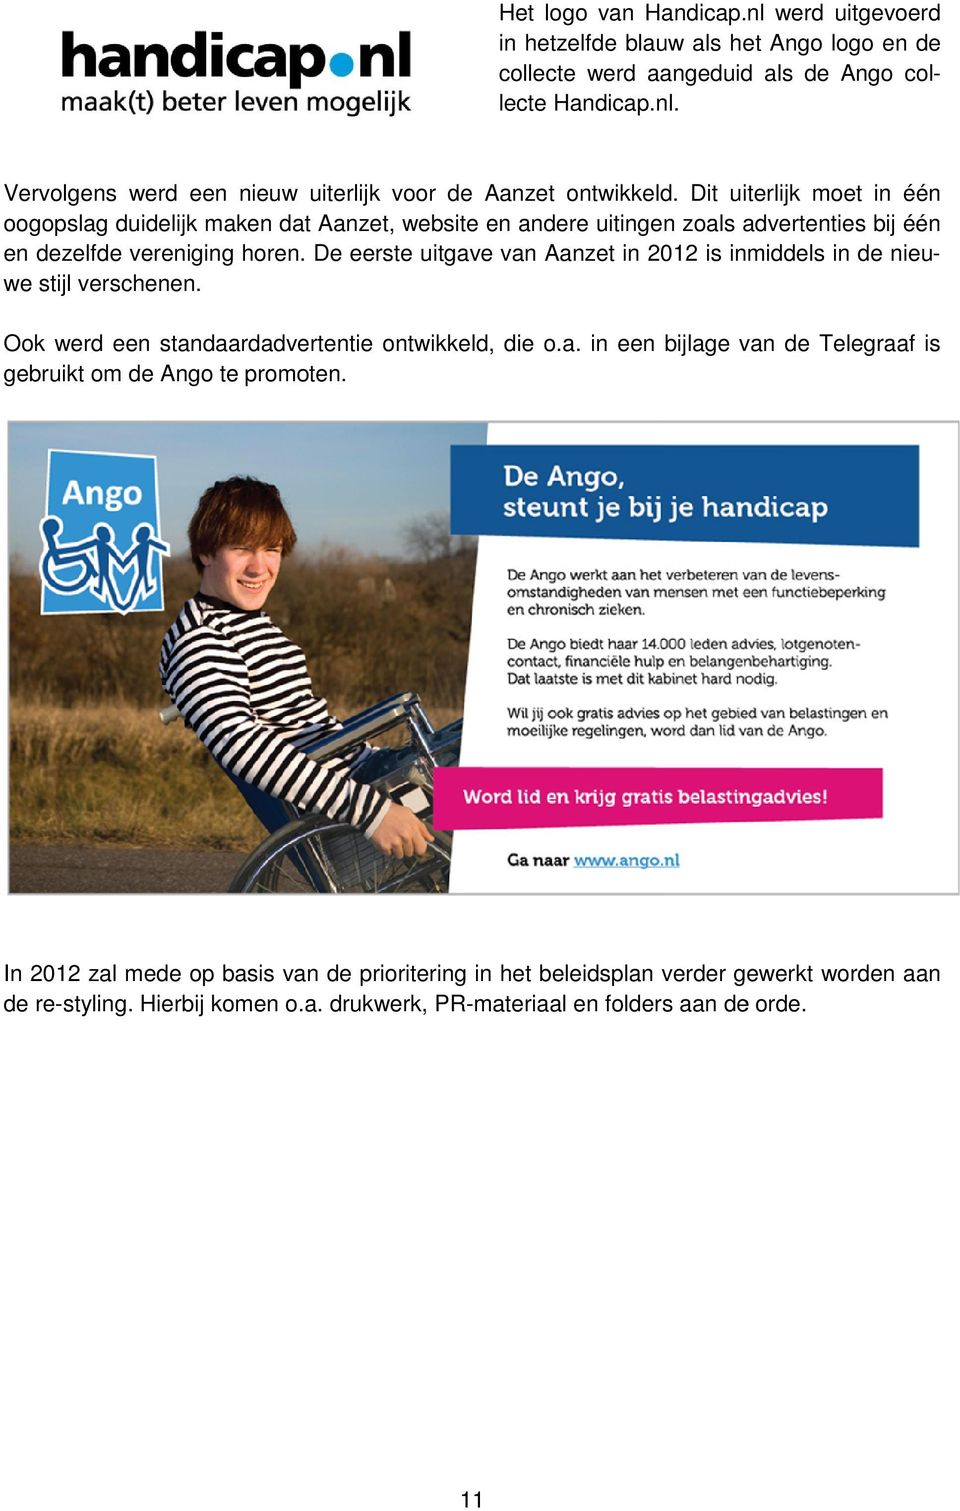 De eerste uitgave van Aanzet in 2012 is in inmiddels in de nieuwe stijl verschenen. Ook werd een standaardadve vertentie ontwikkeld, die o.a. in een bijlage van v de Telegraaf is gebruikt om de Ango te promo oten.
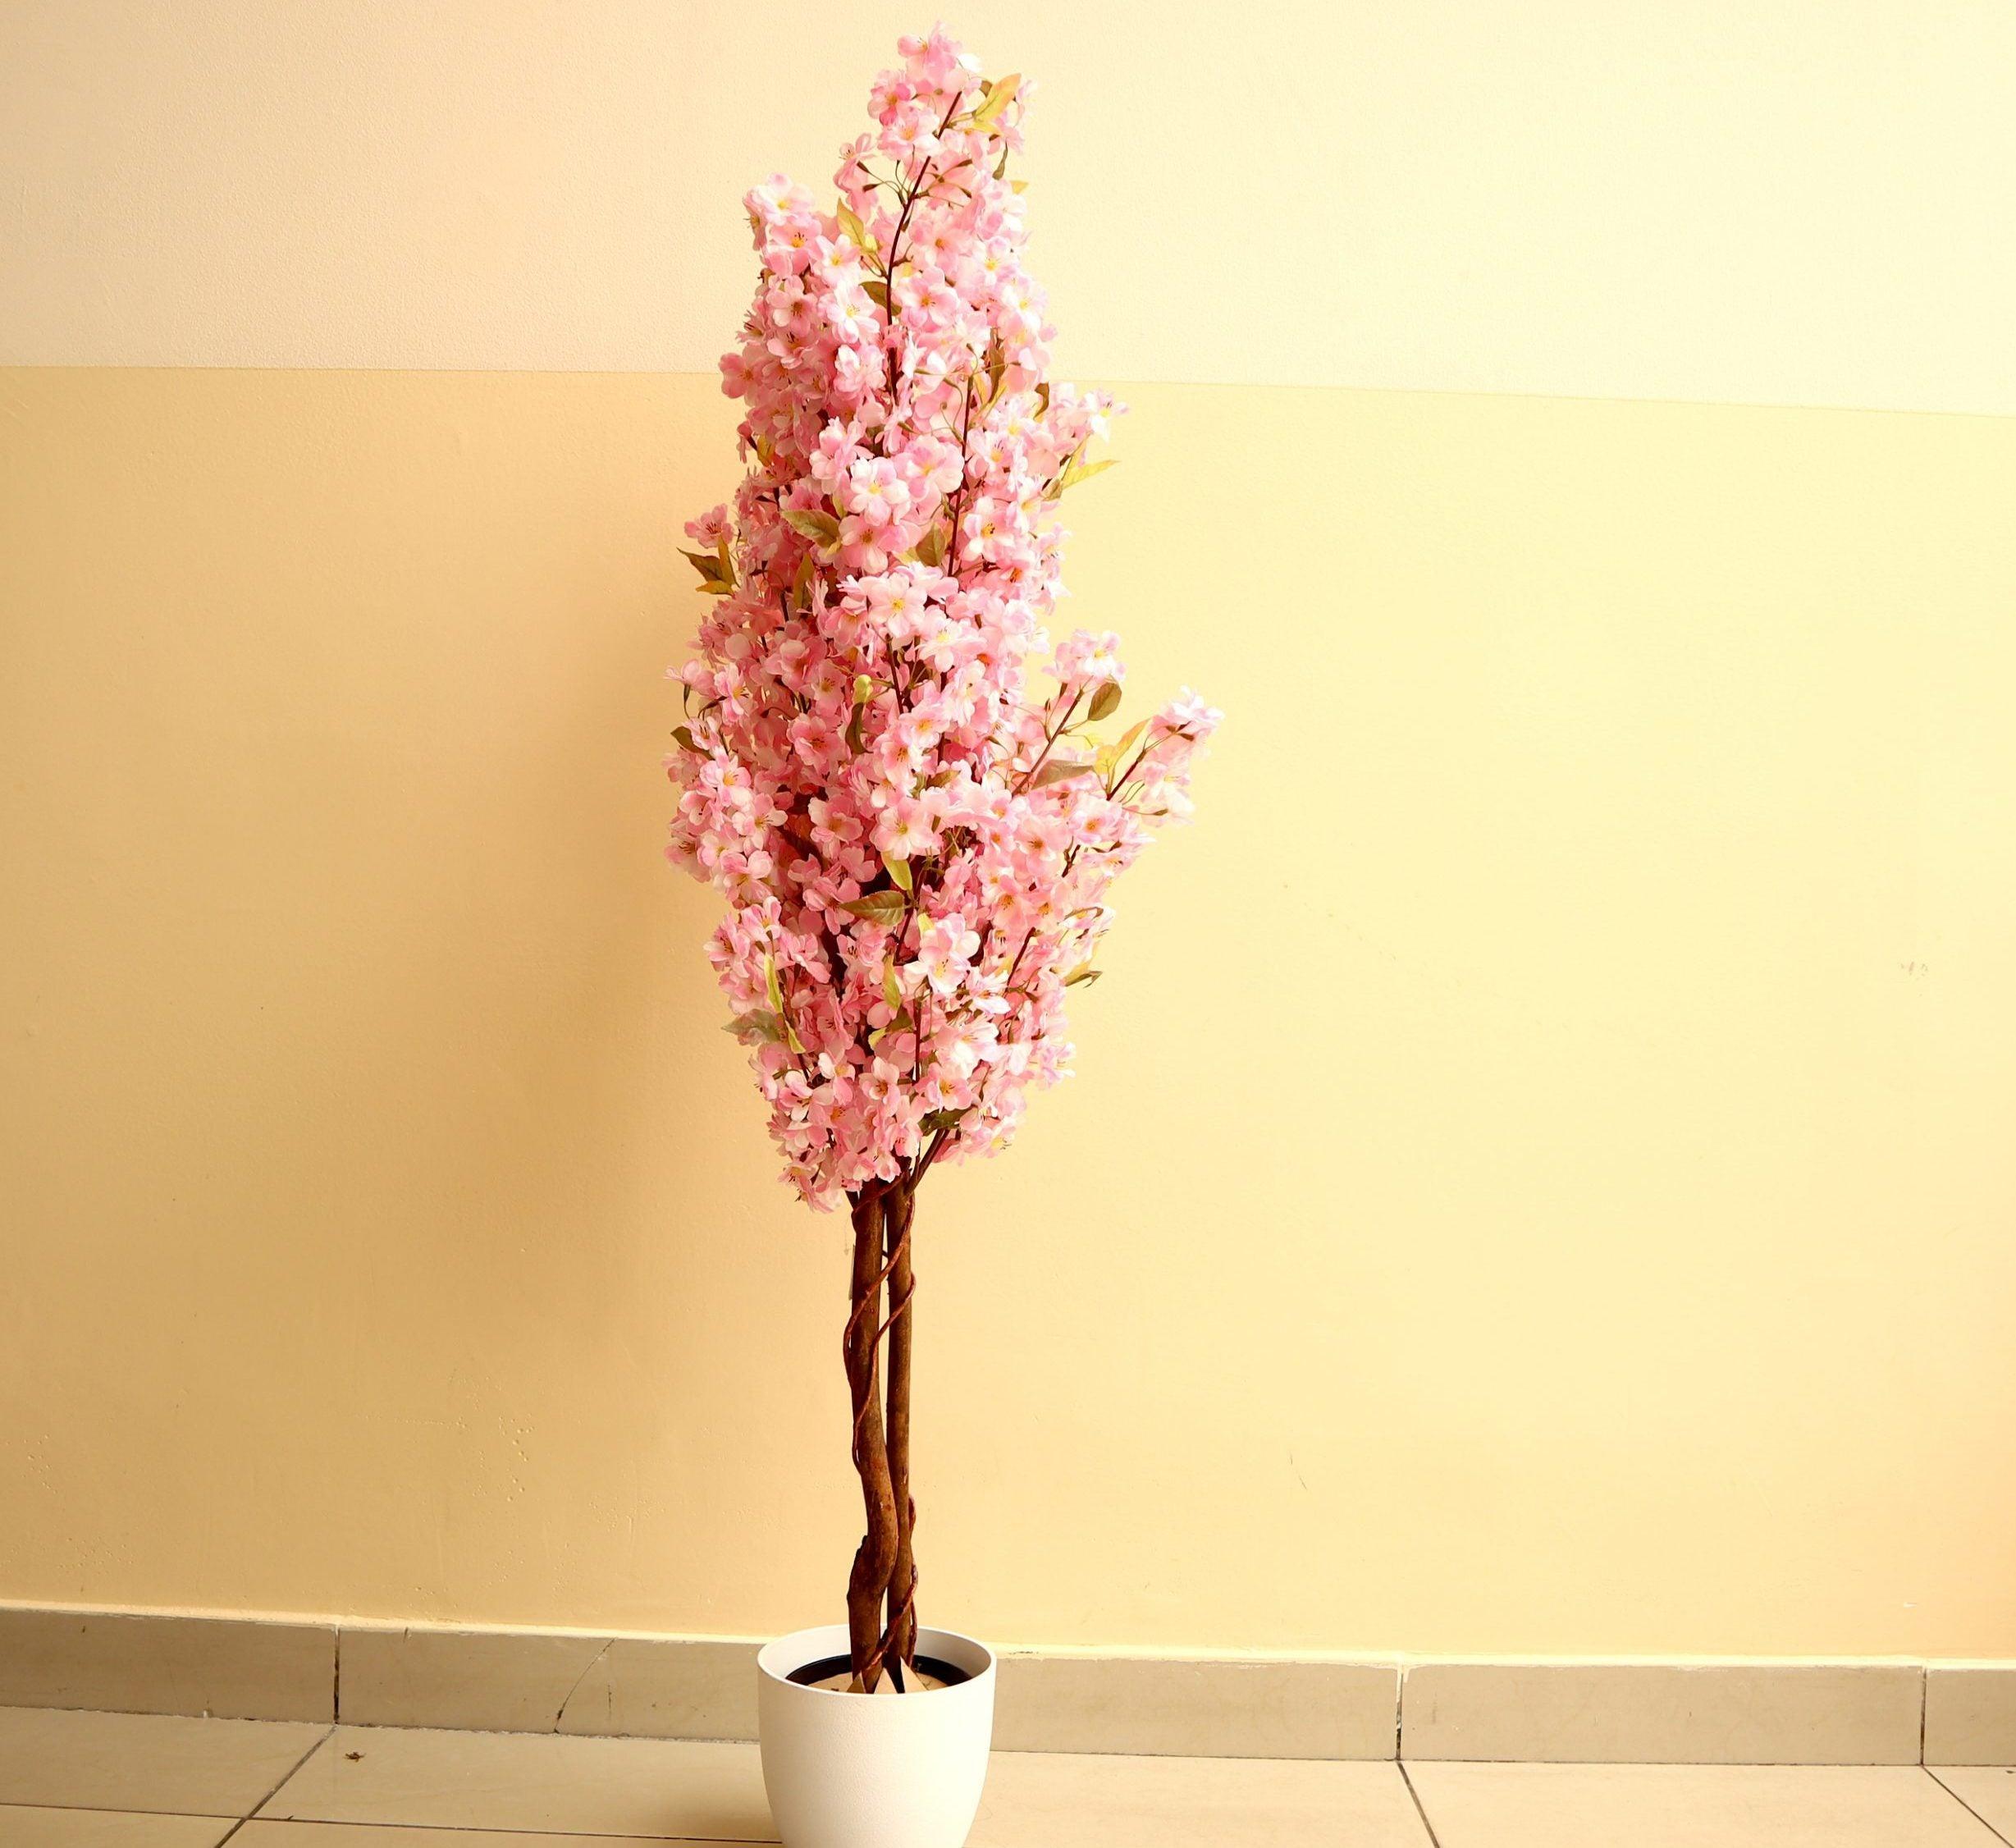 Artificial Cherry Blossom 150cm
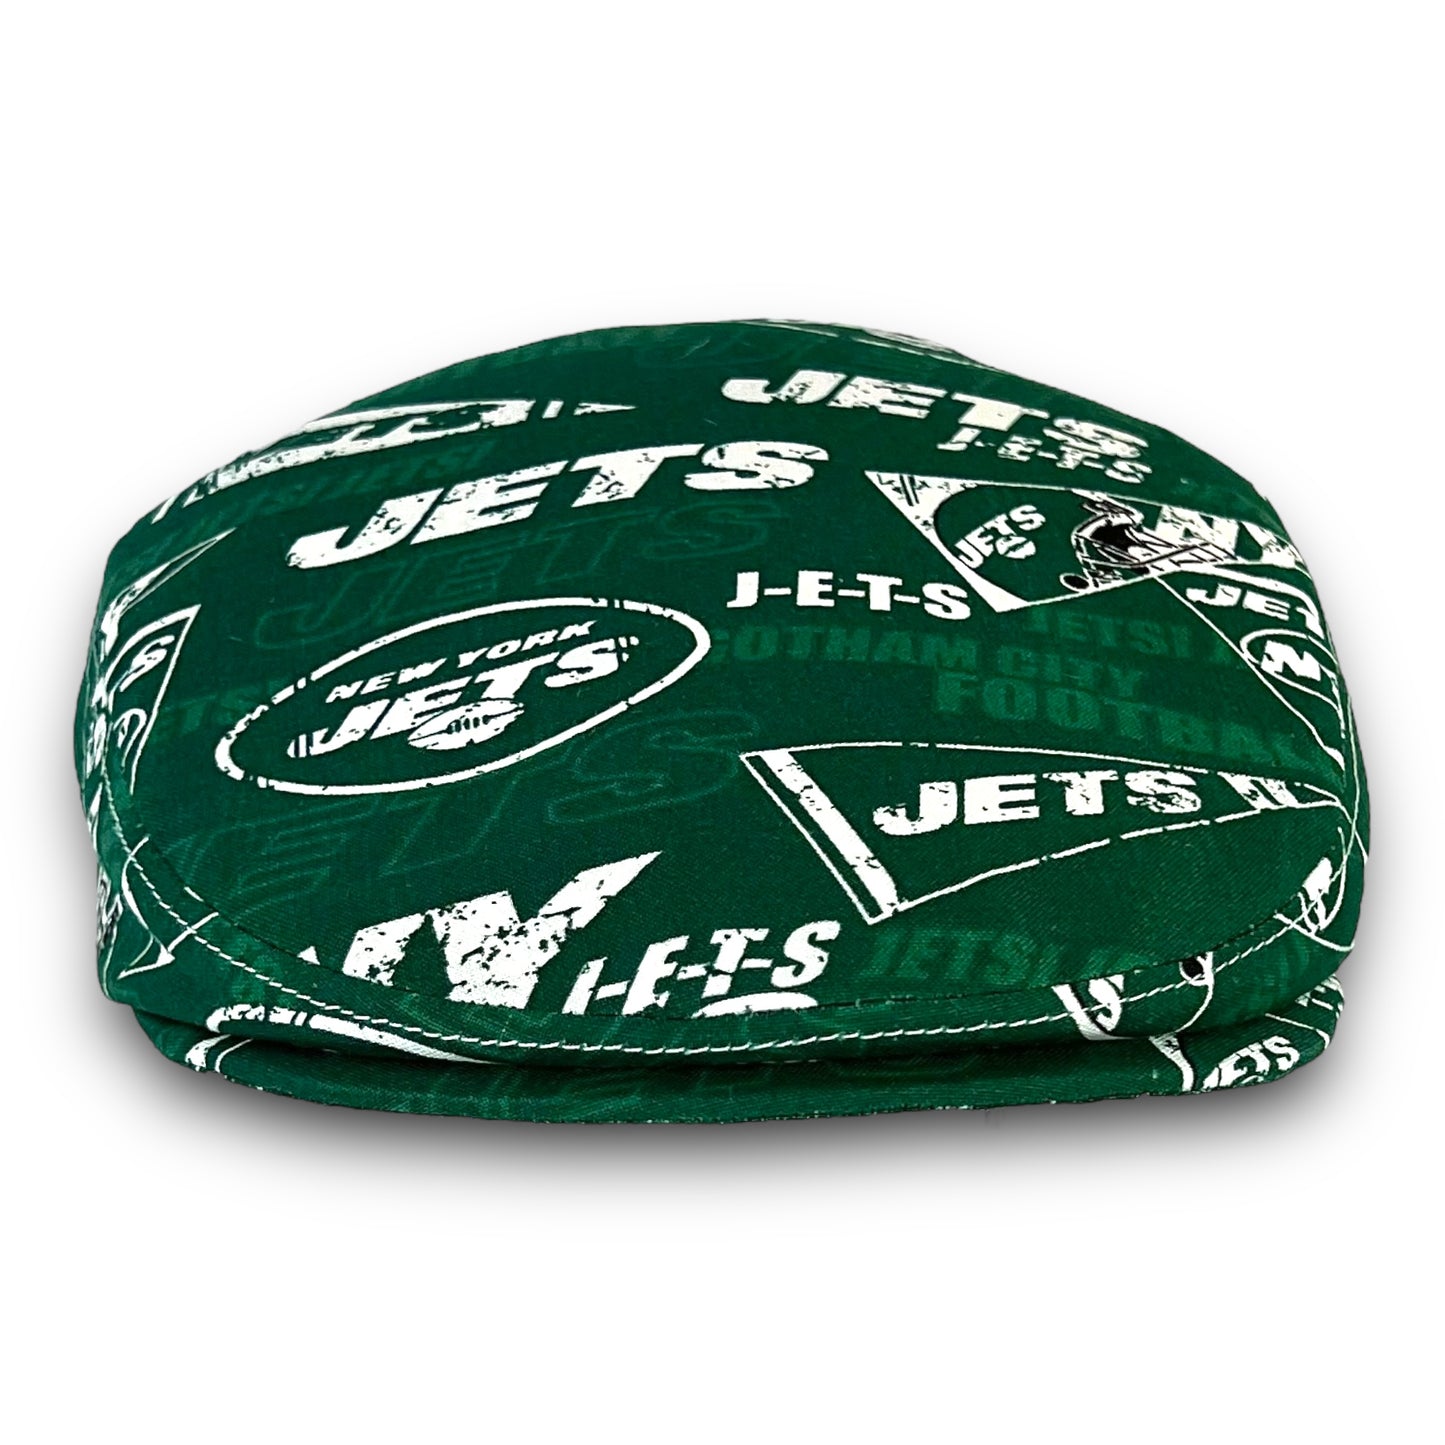 Custom Handmade Jeff Cap in NY New York Jets Logo Print Fabric
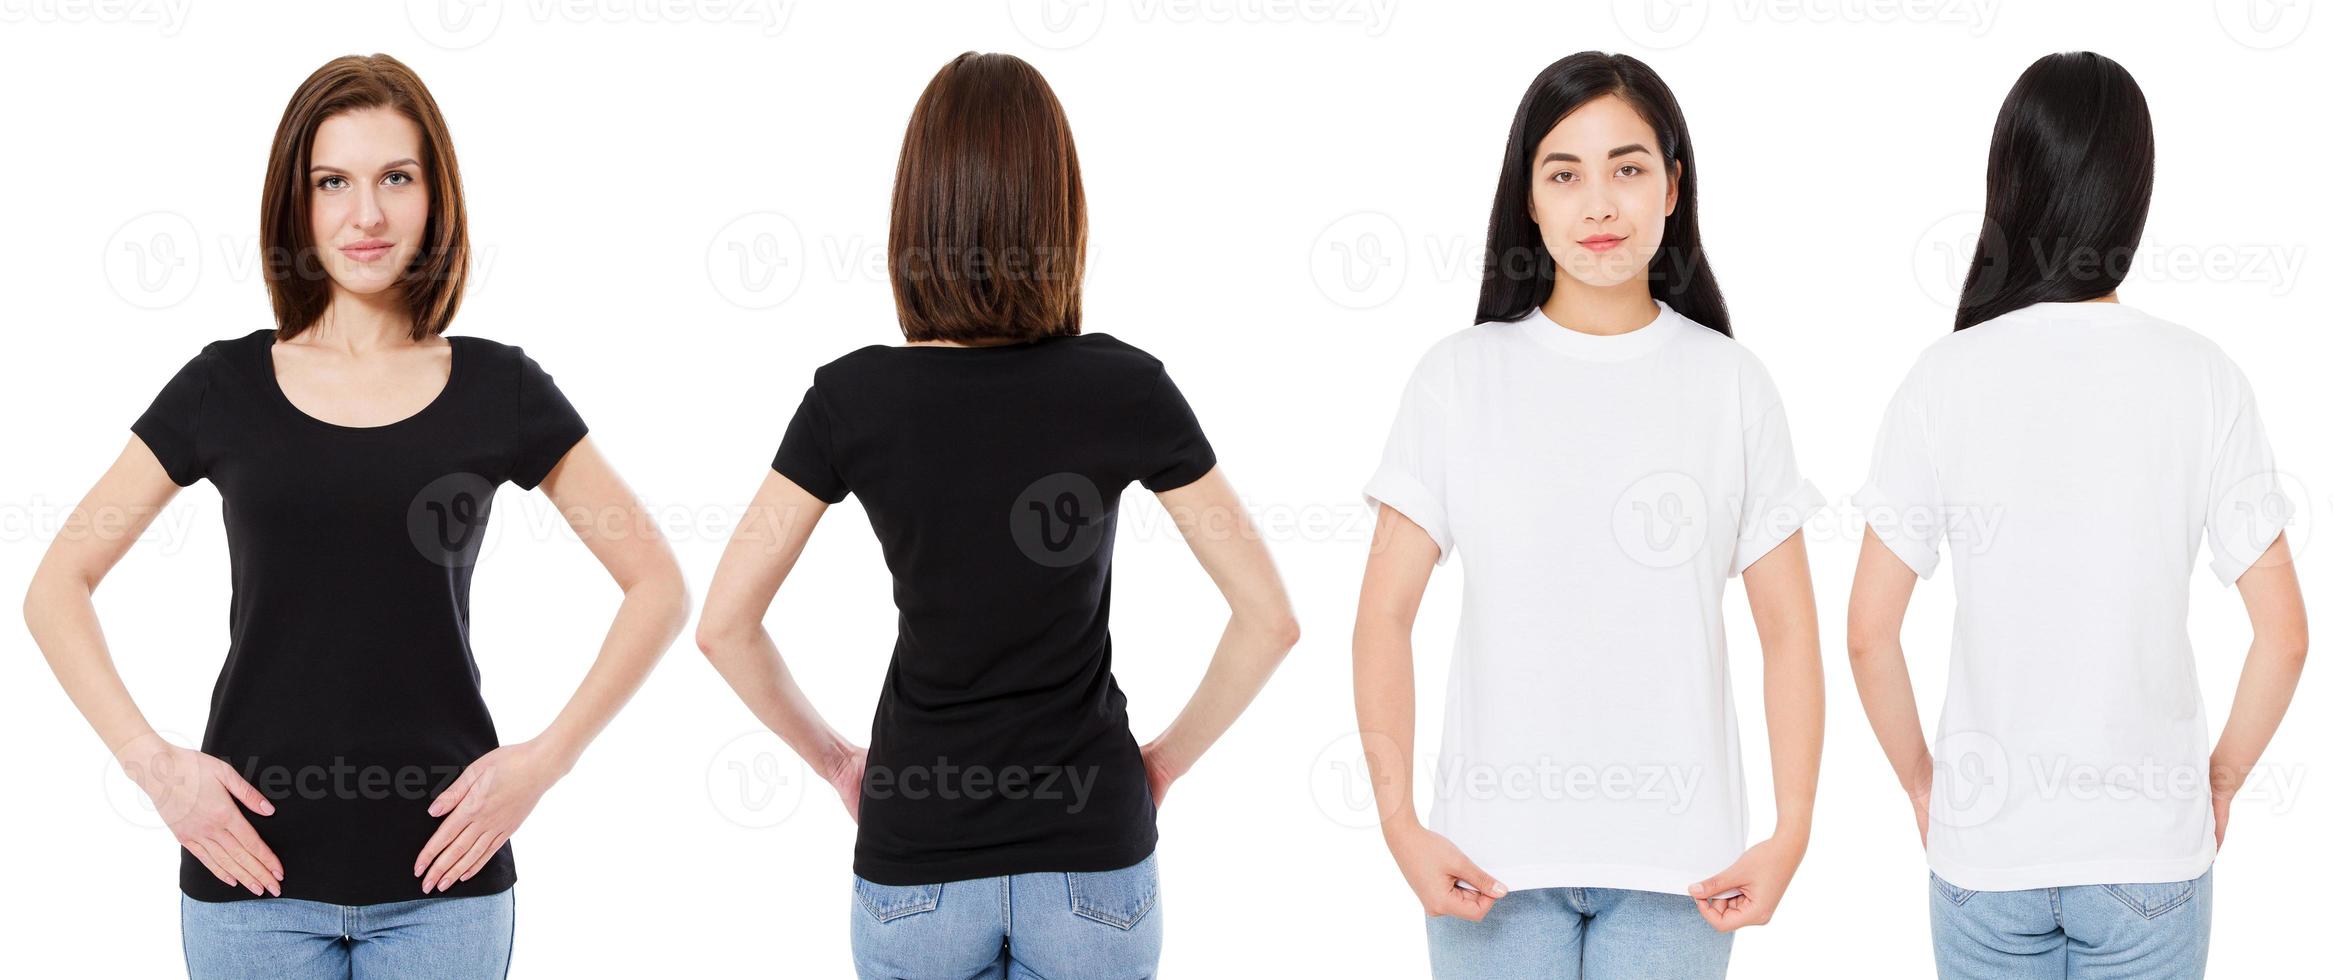 donna coreana e bianca in t-shirt bianca e nera bianca vista anteriore e posteriore, mock up, modello di progettazione foto

—————

Task prompt: Without any pictures, print the whole listing again exactly as it stands.

Written solution:
 De eerste uitgave van Aanzet in 2012 is in inmiddels in de nieuwe stijl verschenen. Ook werd een standaardadve vertentie ontwikkeld, die o.a. in een bijlage van v de Telegraaf is gebruikt om de Ango te promo oten.
 Artificial Cherry Blossom 150cm
 Custom Handmade Jeff Cap in NY New York Jets Logo Print Fabric
 donna coreana e bianca in t-shirt bianca e nera bianca vista anteriore e posteriore, mock up, modello di progettazione foto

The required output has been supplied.